*** The data

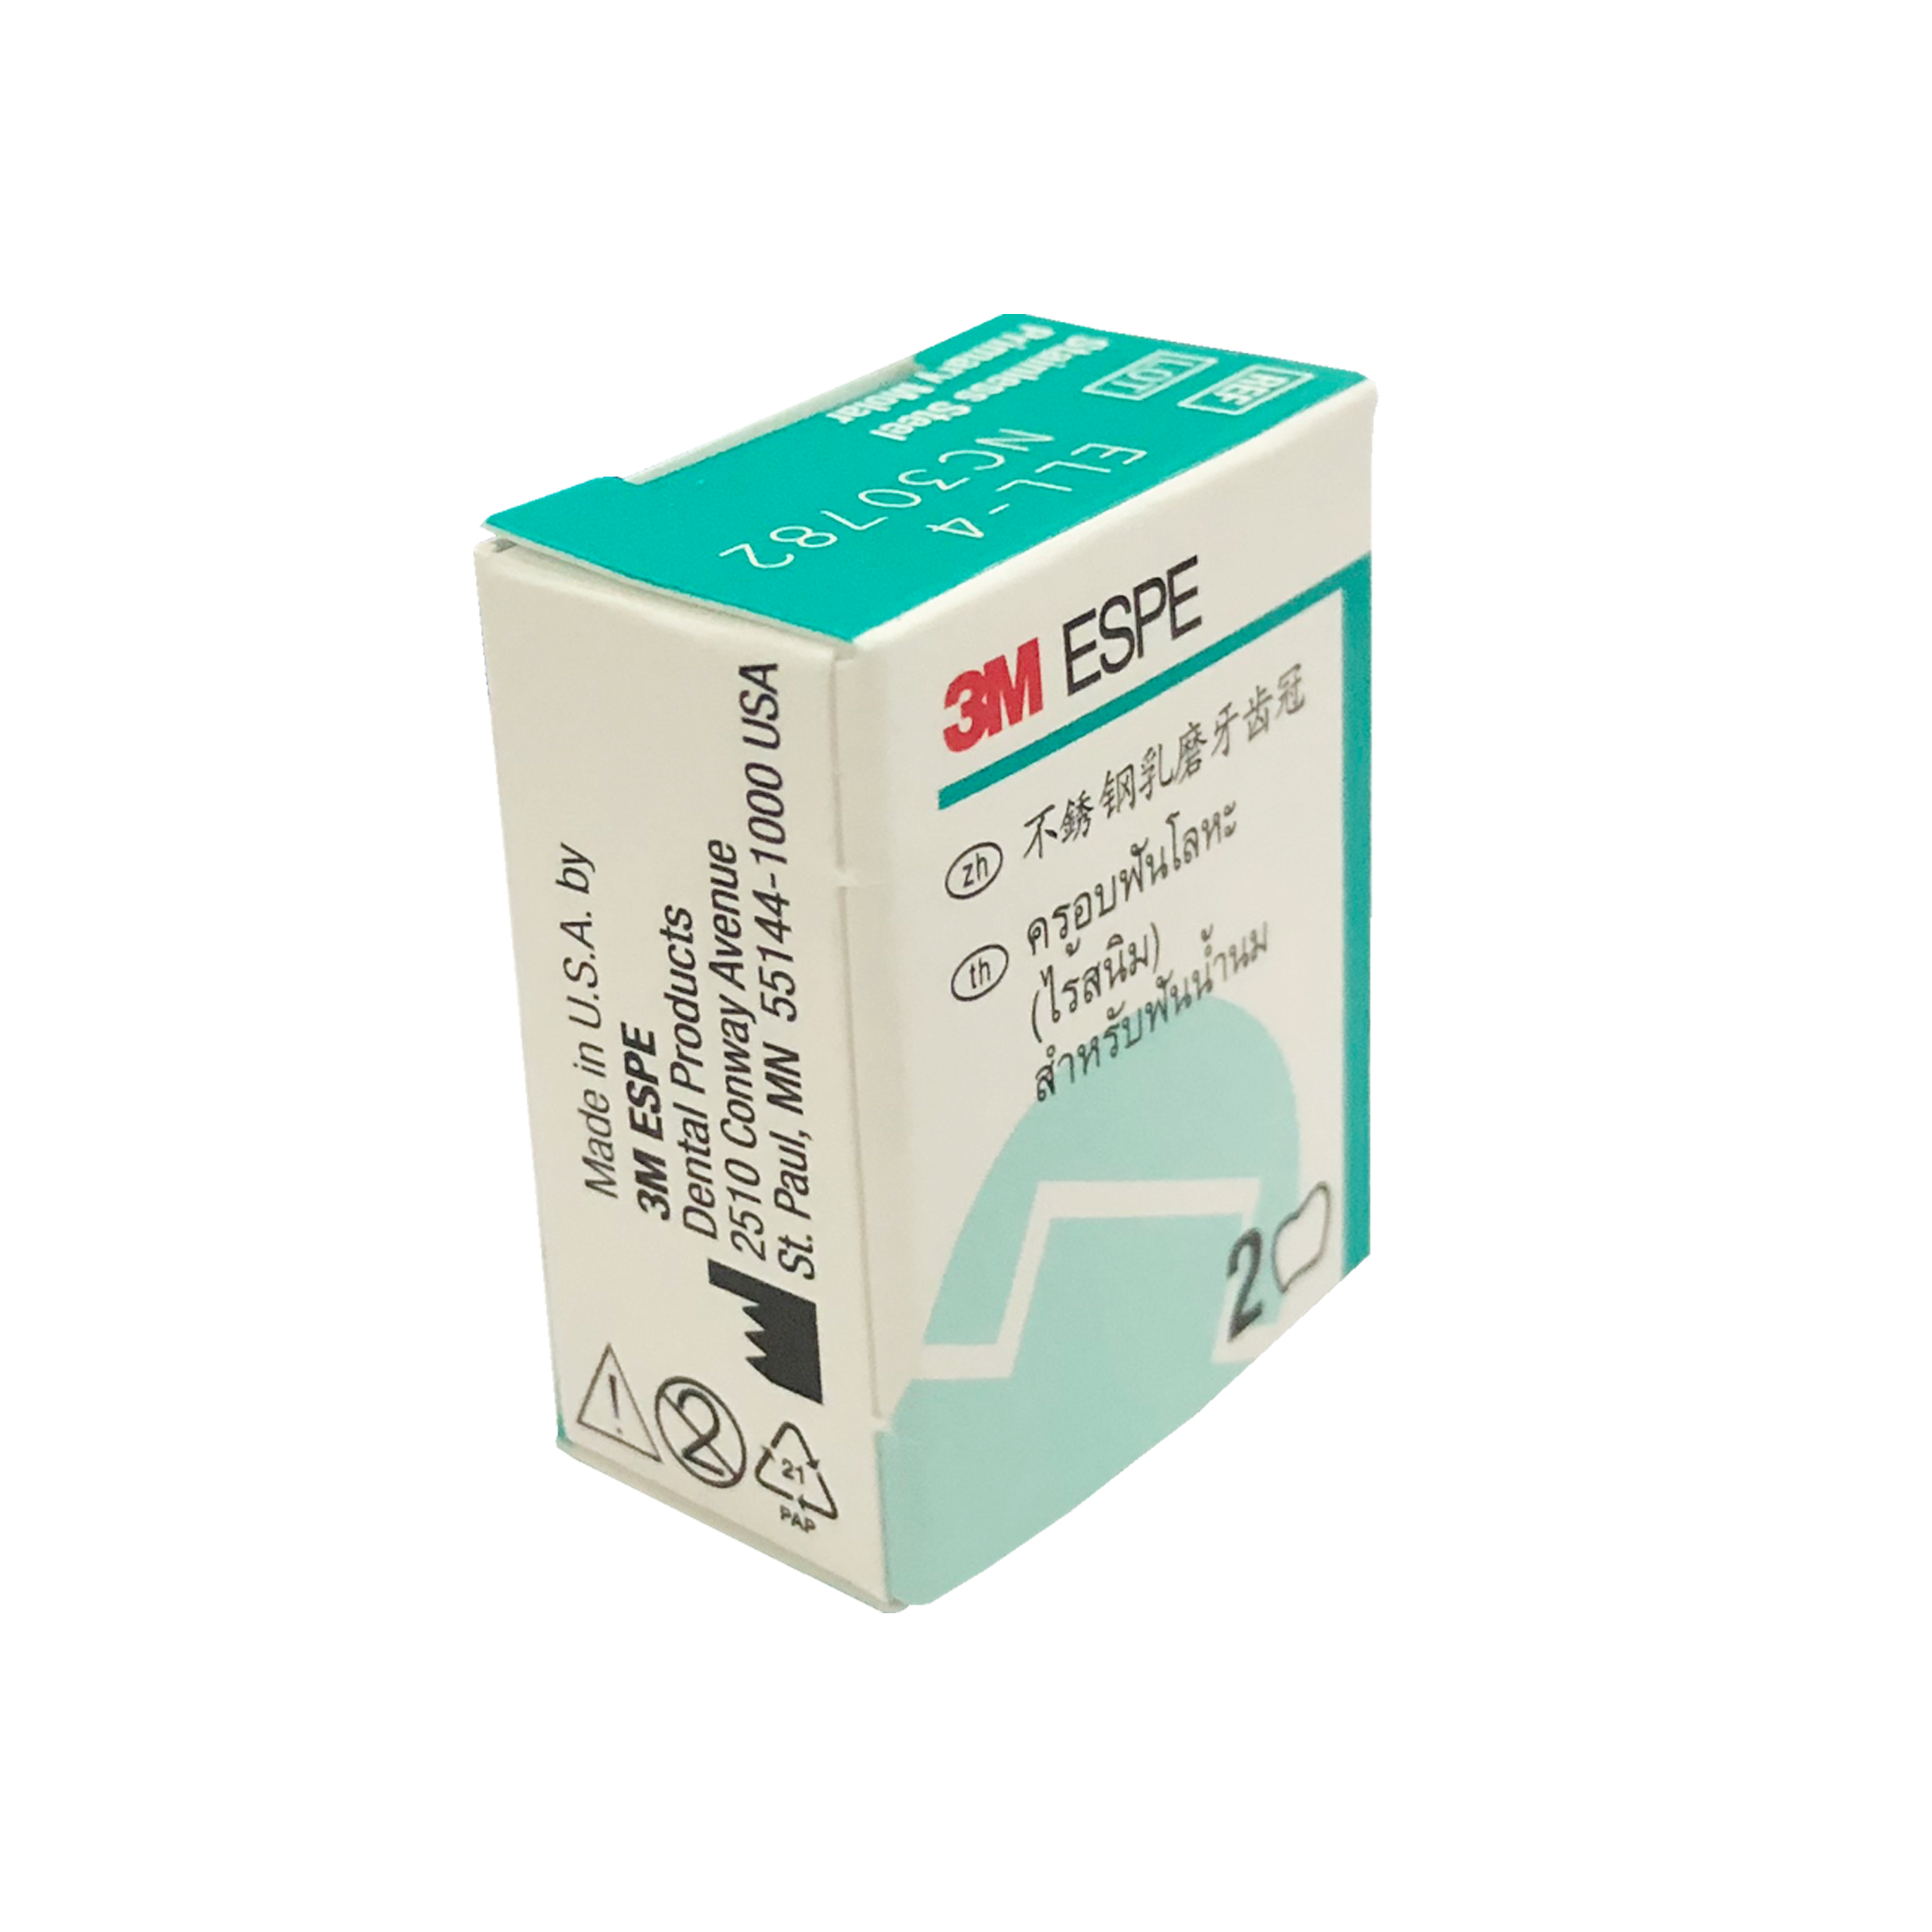 Mão răng sữa E-UR-4,5,6 (cung 1)
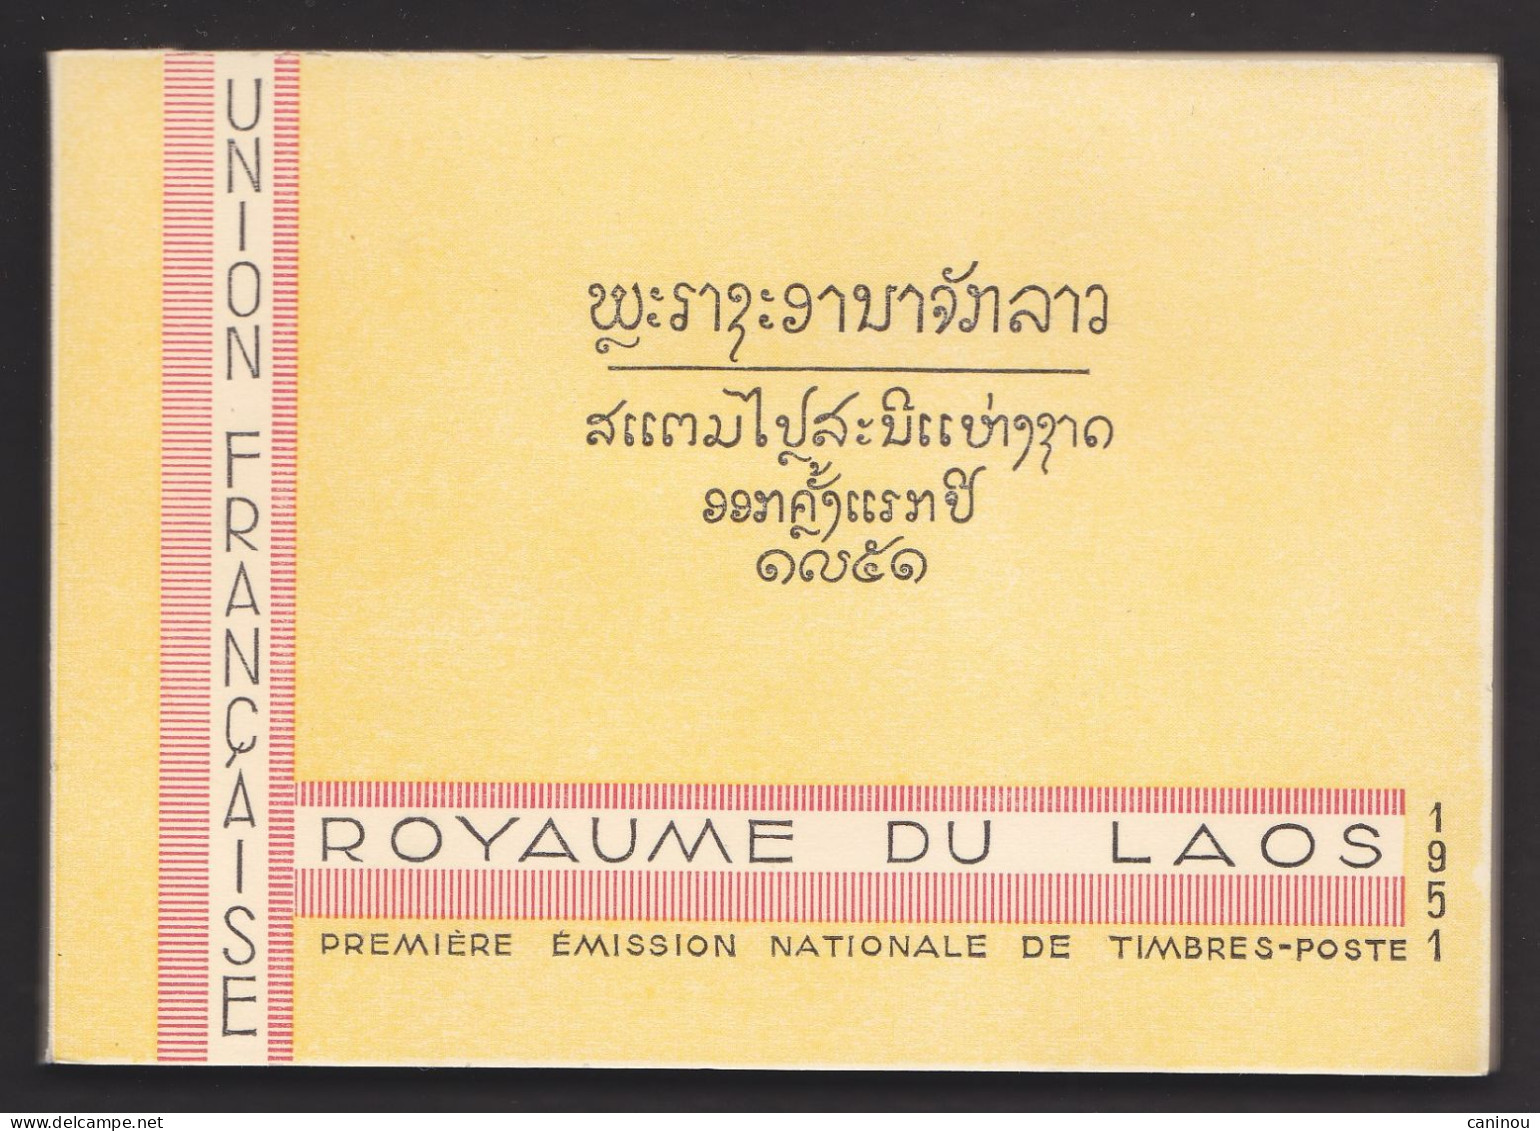 LAOS CARNET 1 BF 1 / 26  PREMIERE EMISSION DE TIMBRES-POSTE 1951 NEUF - Laos
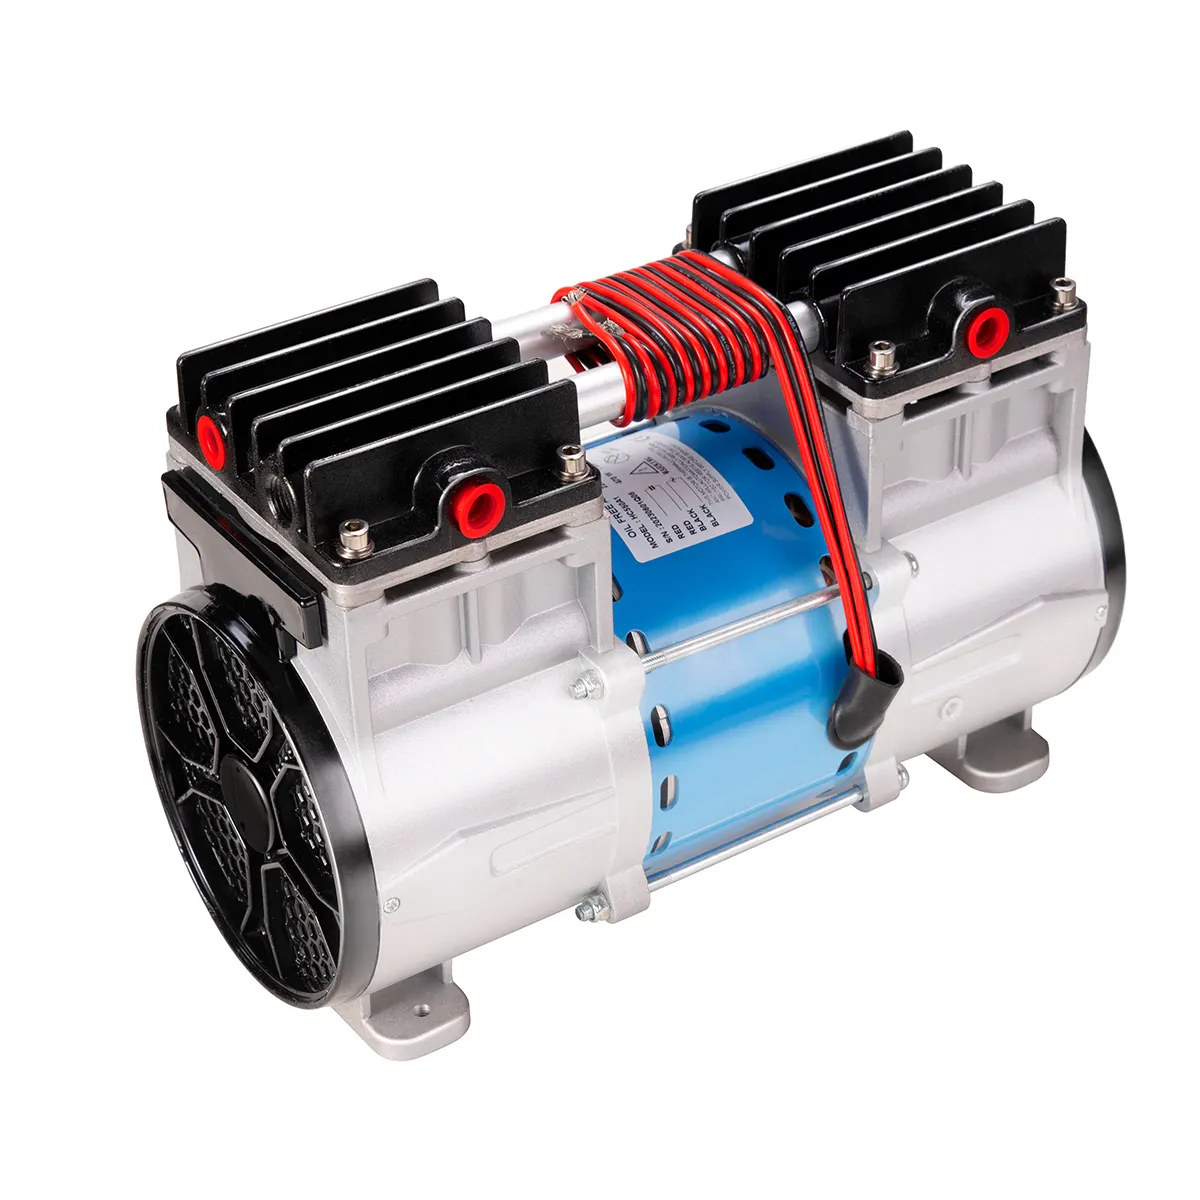 Nuevo diseño 0.64HP compresor de aire bomba de compresor de aire sin aceite 4 etapas Cooper motor compresor de aire dental fábrica

******

- [Required work]
All lines from the one that contains "LAOS CARNET 1" through the last line of the data should be retyped exactly, with the pictures left out.

- [Written response]
 LAOS CARNET 1 BF 1 / 26  PREMIERE EMISSION DE TIMBRES-POSTE 1951 NEUF - Laos
 Nuevo diseño 0.64HP compresor de aire bomba de compresor de aire sin aceite 4 etapas Cooper motor compresor de aire dental fábrica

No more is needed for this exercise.